Но тут она снова заговорила:
– Я живу только ради этой статуи. Я хочу вся воплотиться в нее. Это нечто большее, чем искусство. Это одержимость. Даже закрыв глаза, даже не видя, что ты делаешь, я чувствую на своей коже то место, где работают твои руки, ощущаю прикосновение твоих пальцев к моей шее, к моим бокам... я чувствую, как твой нож скользит по моим нервам... Словно у меня два тела: одно из плоти, а другое из глины.
Она, не меняя позы, продолжала вести длинную, сбивчивую и нервную речь, за ходом которой Гарани успевал с большим трудом. Речь шла о том, откуда – из Каррары или из Пантелика – следовало взять кусок мрамора, из которого будет потом высечена статуя. Потом она заговорила о деньгах, на которые будет куплен этот кусок, потом о мужчинах, у которых она эти деньги раздобудет. Она пообещала осыпать скульптора благодеяниями и дорогими подарками, происхождения которых он не должен был стыдиться. Они стояли вдвоем надо всеми.

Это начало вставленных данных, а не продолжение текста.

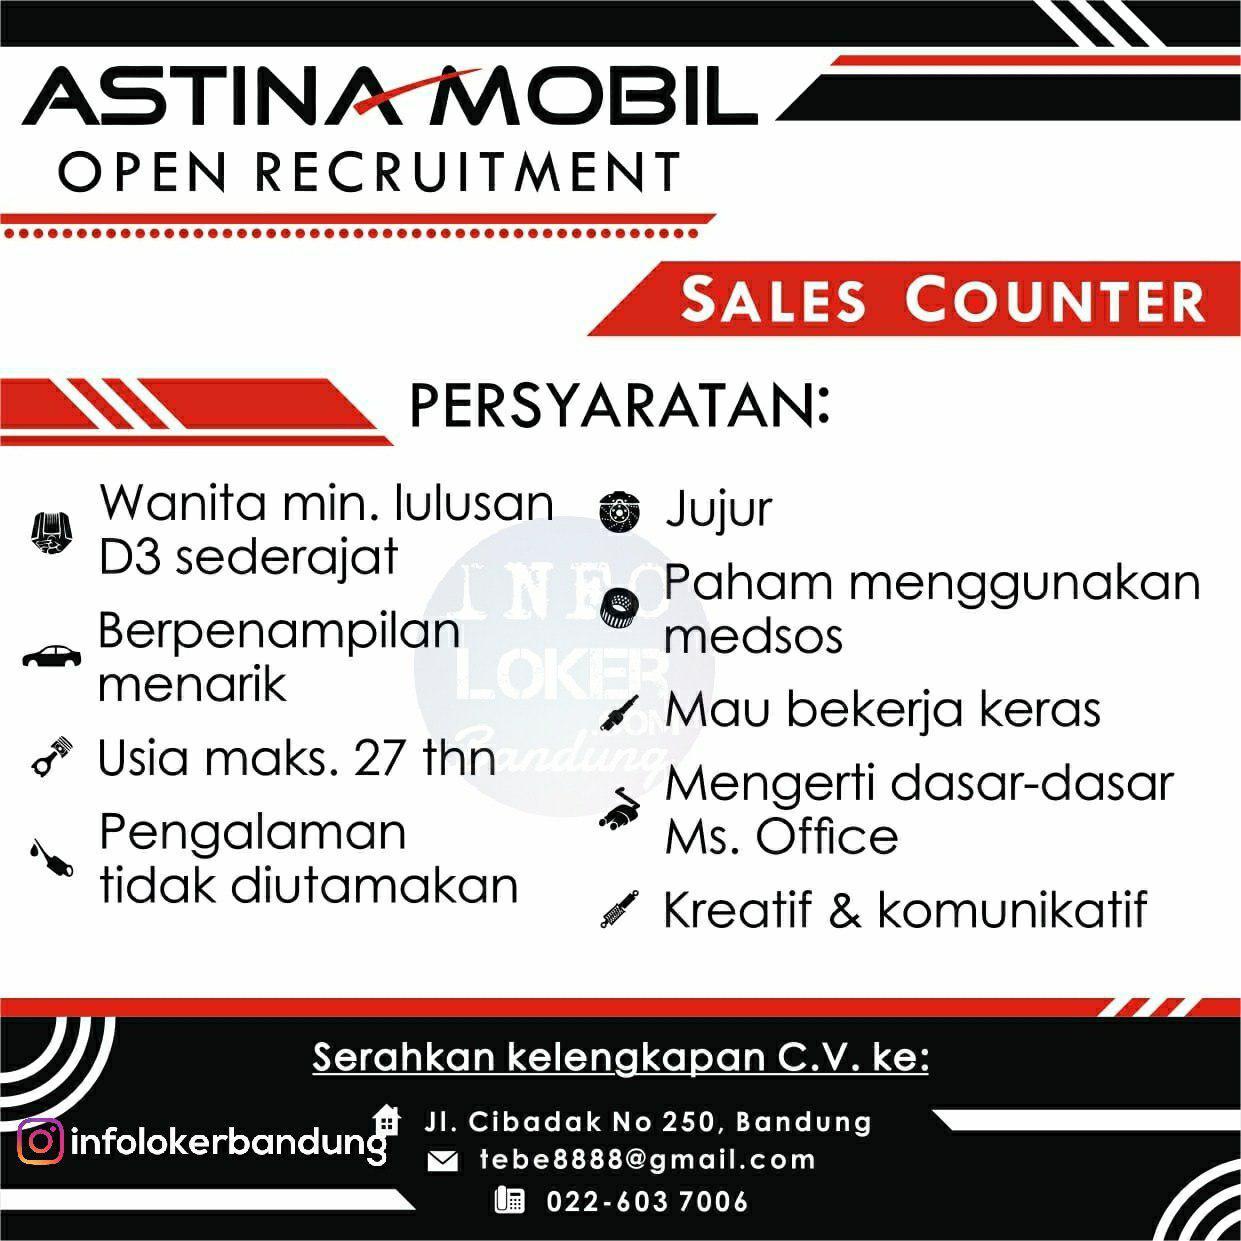 Lowongan Kerja Astina Mobil Bandung Oktober 2018

Опьянев от того, что лежала, словно на надгробии, единственная живая женщина в этой населенной статуями мастерской, она как бы властвовала над Историей и Вселенной. Страхи были забыты. Она чувствовала себя причастной к сонму богов. У нее слугой был гений, и она упивалась присутствием этого смертного, который трудился над тем, чтобы увековечить в мраморе ее плотскую оболочку. Она ушла в мраморные легенды, перепутав, где музей, где Олимп. Она еще раз процитировала Эдуарда Вильнера, но понять смысл произнесенной ею цитаты было невозможно.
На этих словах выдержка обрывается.